Photochemically-enabled, post-translational production of C-terminal amides

Abstract

C-terminal α-amidated peptides are attractive therapeutic targets, but preparative methods to access amidated pharmaceuticals are limited both on lab and manufacturing-scale. Here we report a straightforward and scalable approach to the C-terminal α-amidation of peptides and proteins from cysteine-extended polypeptide precursors. This amidation protocol consists of three highly efficient steps: 1) selective cysteine thiol substitution with a photolabel, 2) photoinduced decarboxylative elimination and 3) enamide cleavage by simple acidolysis or inverse electron demand Diels-Alder reaction. We provide a blueprint for applying this protocol to the semi-recombinant production of therapeutically relevant targets where gram scale C-terminal α-amidation is achieved in a photoflow reactor on a recombinantly prepared peptide YY analogue and a GLP-1/amylin co-agonist precursor peptide. Robust performance of this reaction cascade in flow highlights the potential of this chemistry to enable amidated drug leads to enter development that would not be viable on commercial scale using existing technology.

Fig. 1. C-terminal α-amidation reactions.

a Enzymatic (PAM) mediated α-amidation of peptides containing a C-terminal glycine residue. b Biomimetic C-terminal α-amidation of peptides containing a C-terminal cysteine residue (this work). The two reaction pathways provide complementary routes for accessing C-terminal α-amides that proceed through a common enamide intermediate, which can be converted to the amide under acidic conditions (Path A) via the biosynthetic carbinolamide intermediate, or under neutral conditions via an IEDDA reaction with a tetrazine (Path B).

Fig. 2. Evaluation of reaction conditions and scope of the α-amidation with respect to the penultimate position.

a Generalized reaction scheme. b Yield of C-terminal α-amides obtained by substitution with bromomaleimide (Route A) or NBD-Cl (Route B), followed by enamide cleavage with acid (route C) or by IEDDA (Route D). *All yields were determined by extracted ion chromatography (XIC).^≠ X = A, and the Trp residue at the 2-position is substituted to Phe (IFTKDHEEVYEA-NH₂).

Fig. 3. Demonstration of scope of the amidation on pharmaceutically relevant amidated peptides.

All reactions were performed at a C-terminal cysteine-extended peptide concentration of 250 µM in 25 mM BisTris + 50 mM glycine buffer at pH 6.4. The choice of photolabel and enamide cleavage conditions are indicated by the letters following yields and correspond to the routes described in Fig. 2. *All yields were determined by extracted ion chromatography (XIC).

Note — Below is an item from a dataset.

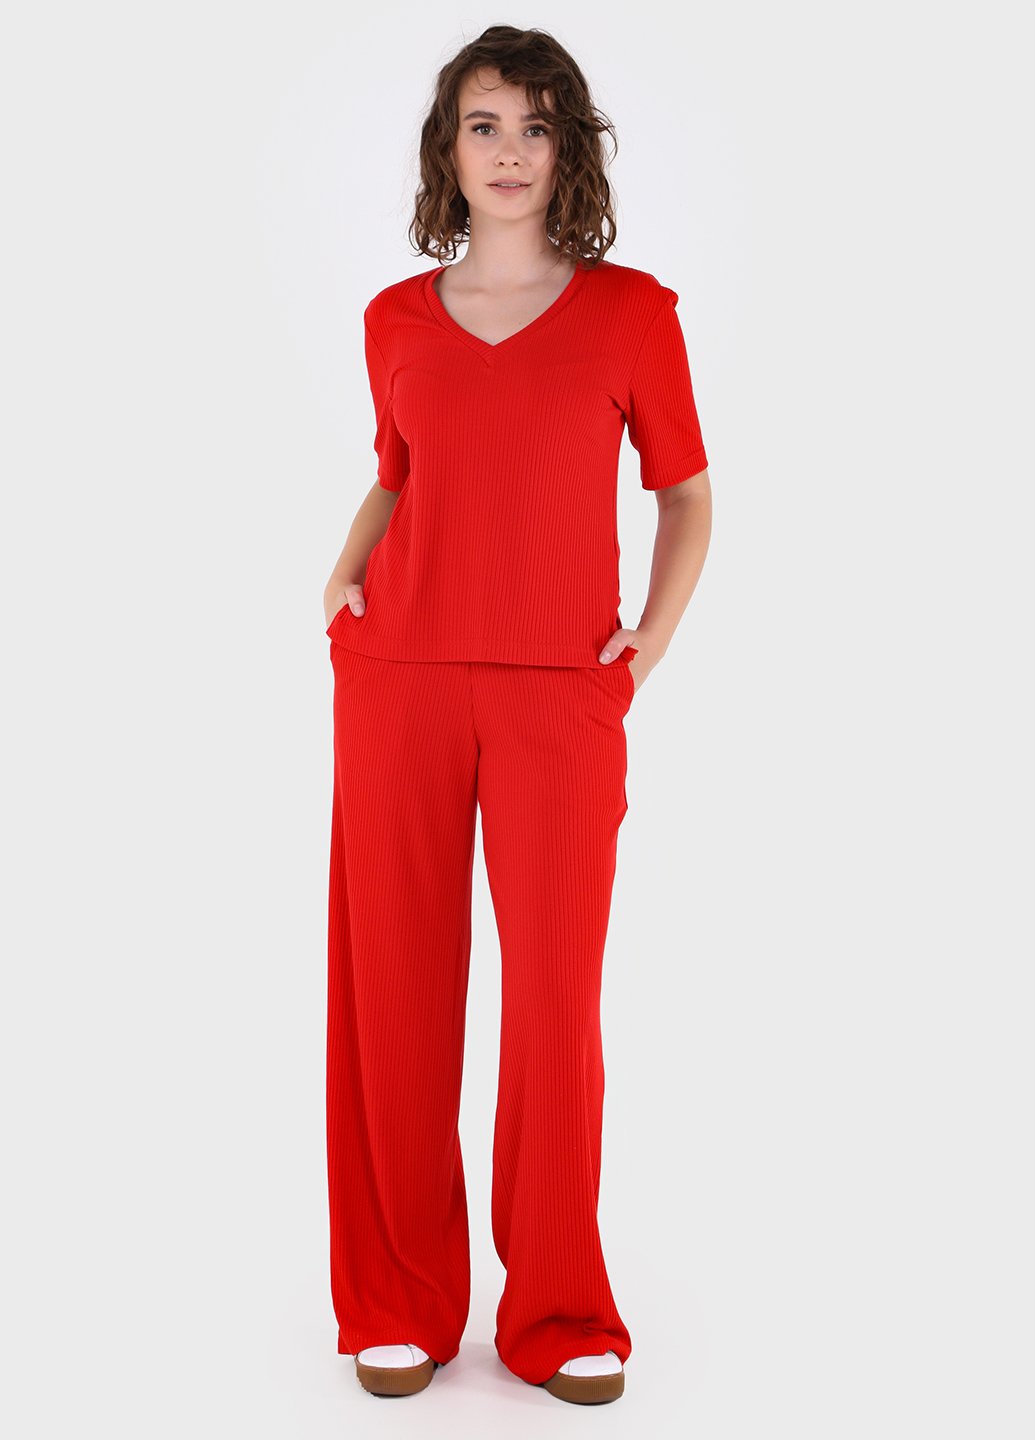 Купить Костюм женский в рубчик красного цвета Merlini Аликанте 100000101, размер 42-44 в интернет-магазине

Fig. 4. C-terminal α-amidation of a peptide containing a backbone disulfide bond.

^*Yield was determined by extracted ion chromatography (XIC).

Fig. 5. Demonstration of gram scale photo amidation using recombinant starting material.

a Multi-step synthesis of peptide YY analog 7 utilizing a photoflow reactor. b Streamlined multigram photoamidation process of a GLP1R-amylinR co-agonist precursor mimicking biopharmaceutical manufacturing conditions. Isolated recombinant disulfide backbone 8 was converted to amide 9 using an optimized photoamidation process protocol with both high chemical yield and high-volume yield.